___ EXTRACTED RECORDS
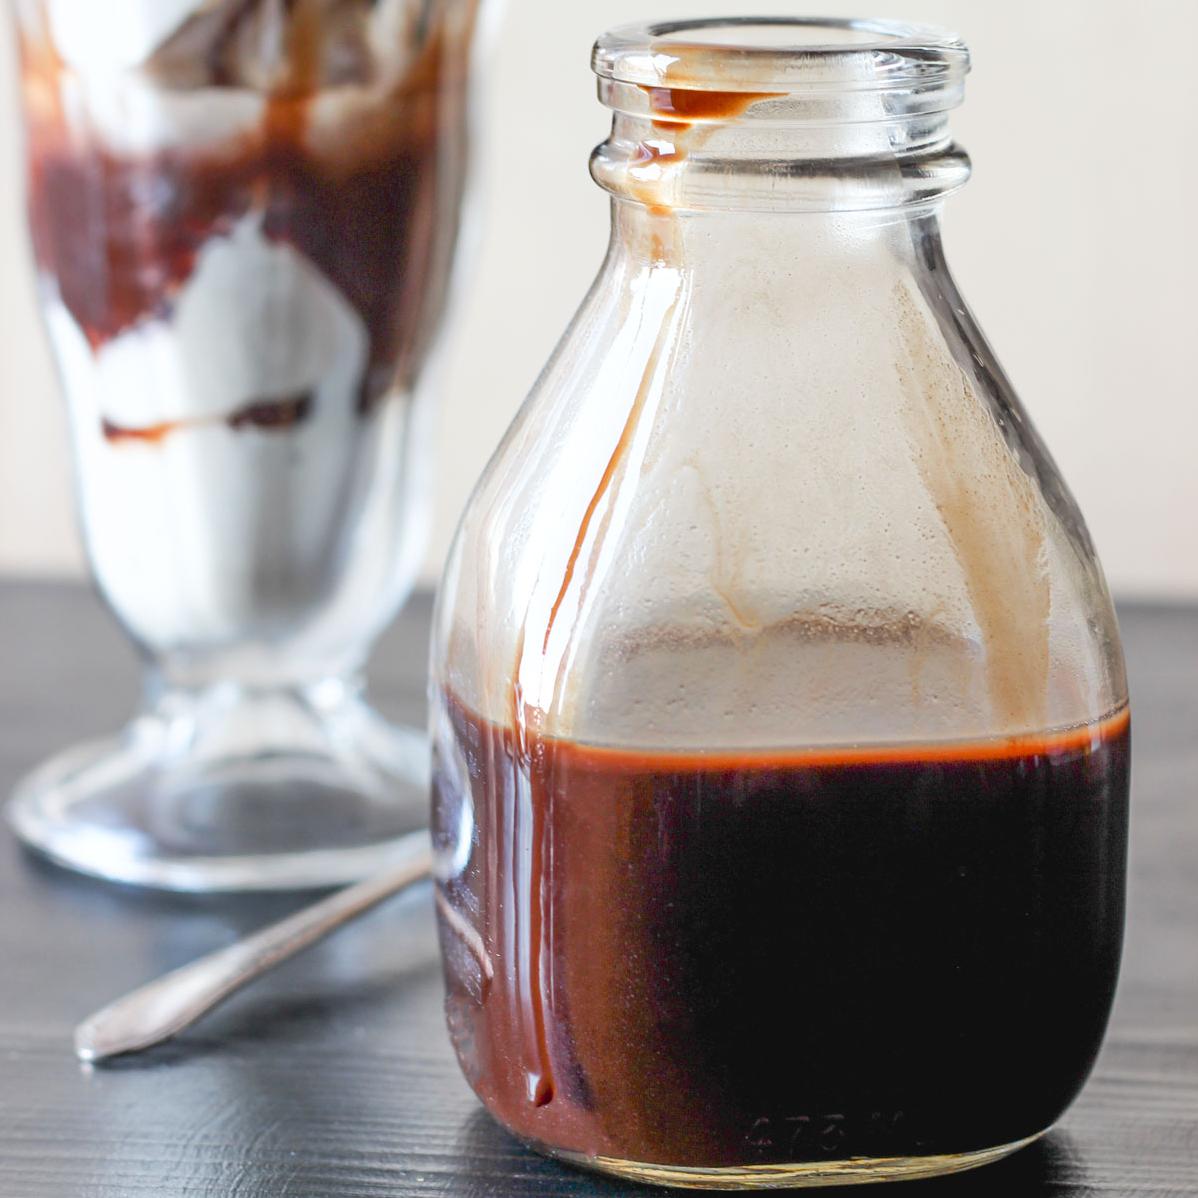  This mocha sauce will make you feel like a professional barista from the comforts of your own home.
______
___ EXTRACTED RECORDS
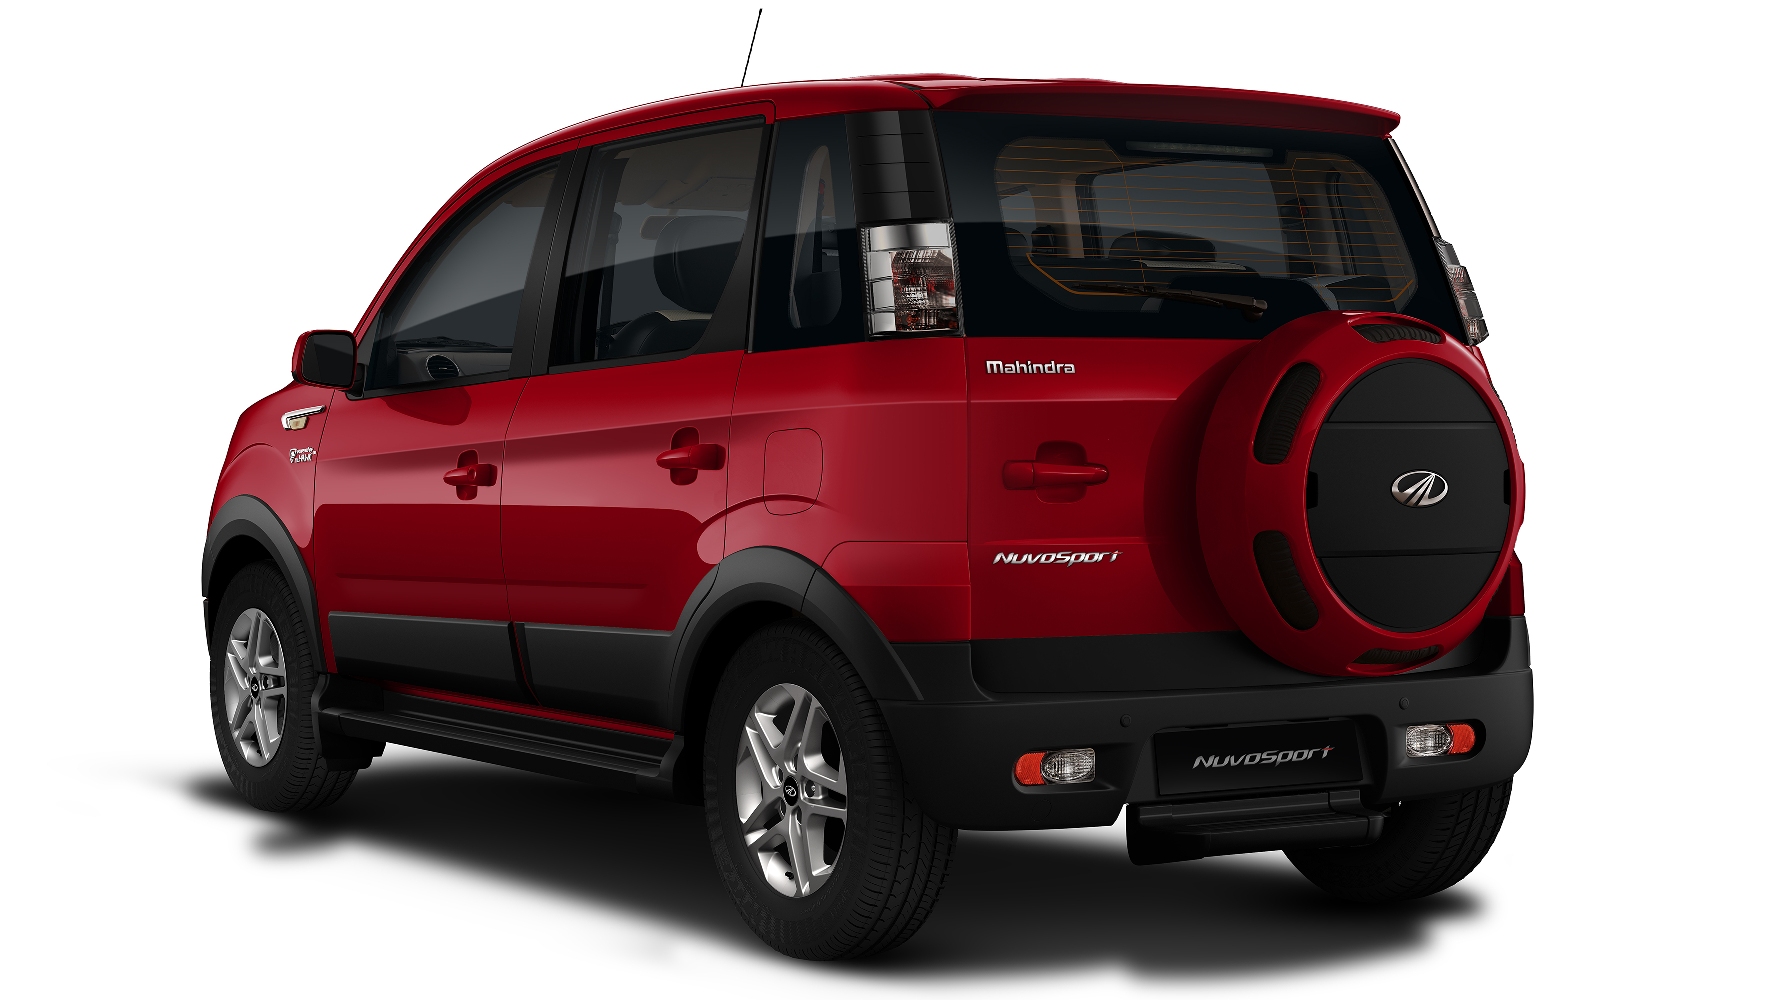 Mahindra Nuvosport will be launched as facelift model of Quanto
______
___ EXTRACTED RECORDS
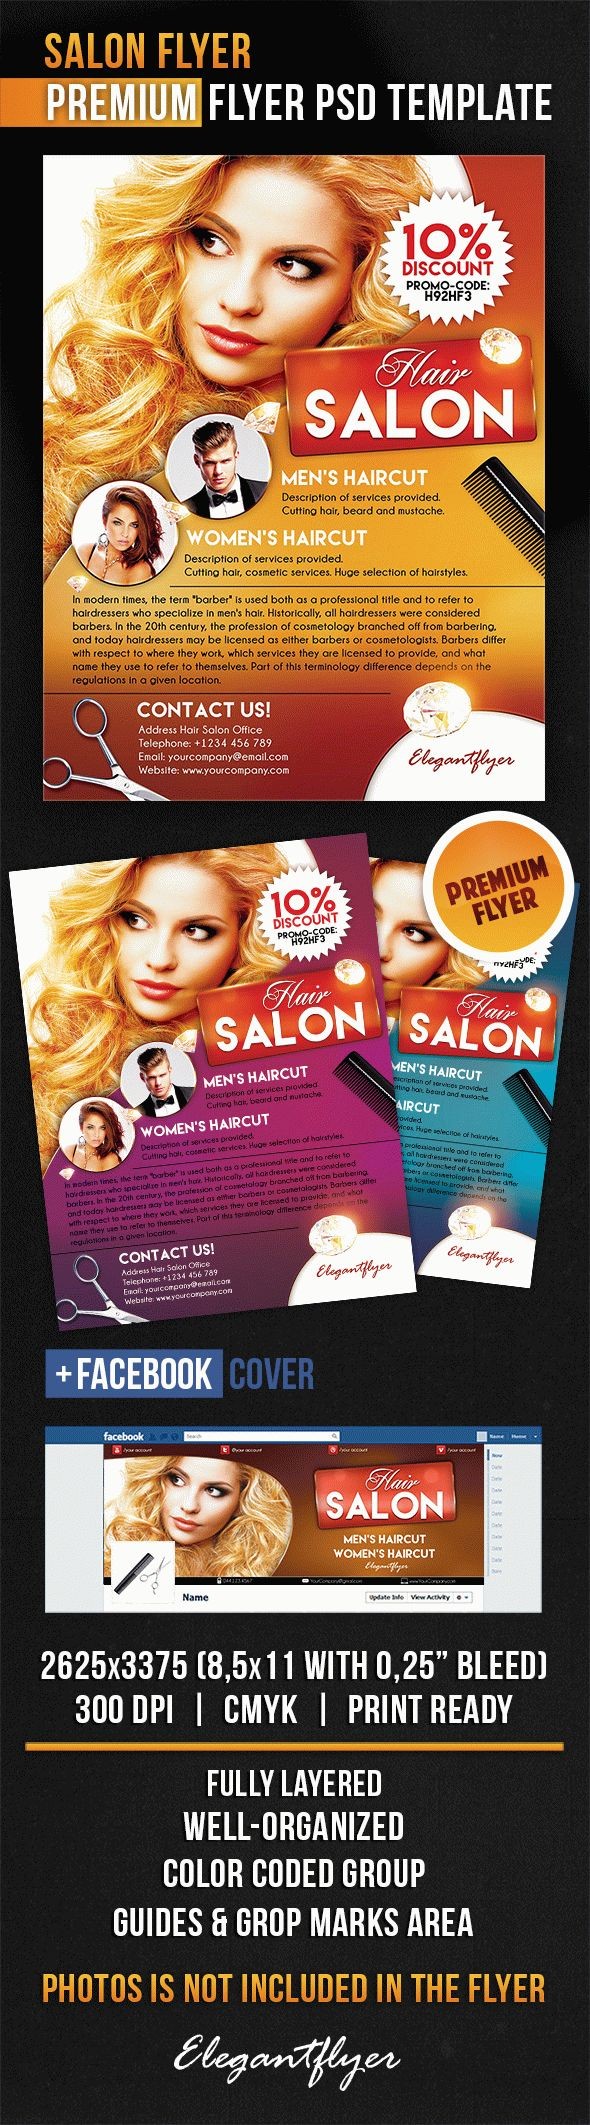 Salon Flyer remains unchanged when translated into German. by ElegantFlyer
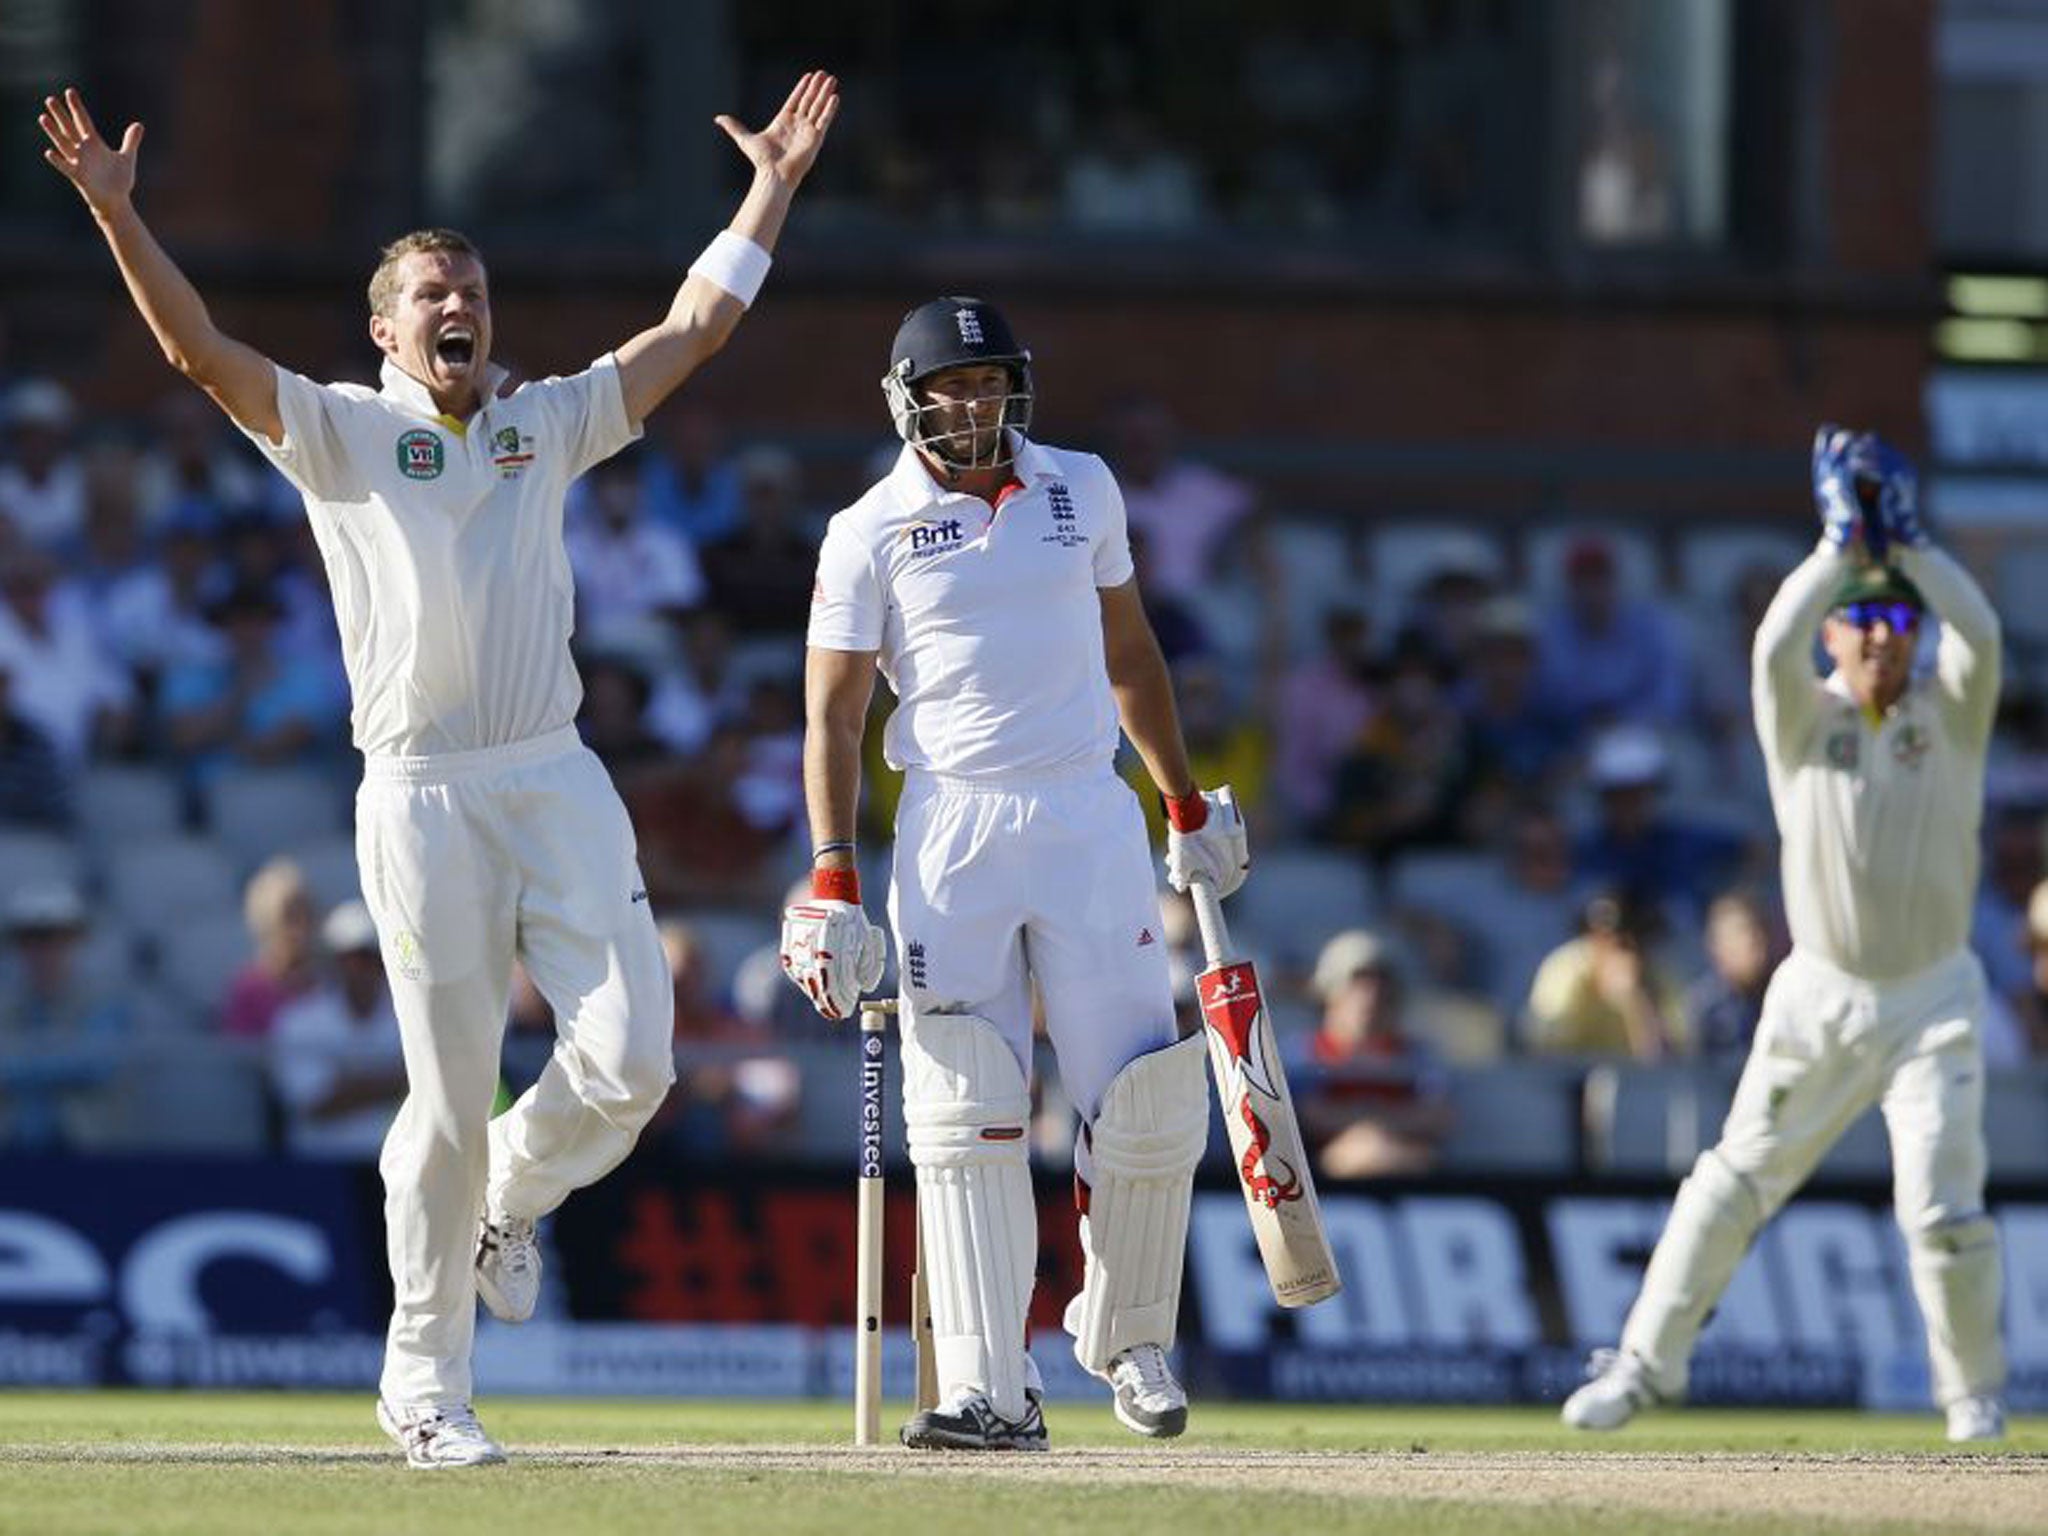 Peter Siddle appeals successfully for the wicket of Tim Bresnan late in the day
______
Pictures aside, return exactly the lines from the data above, starting at the line that has "Salon Flyer remains" and ending at the line that has "Peter Siddle appeals", both included.

● ANSWER SECTION
 Salon Flyer remains unchanged when translated into German. by ElegantFlyer
 Peter Siddle appeals successfully for the wicket of Tim Bresnan late in the day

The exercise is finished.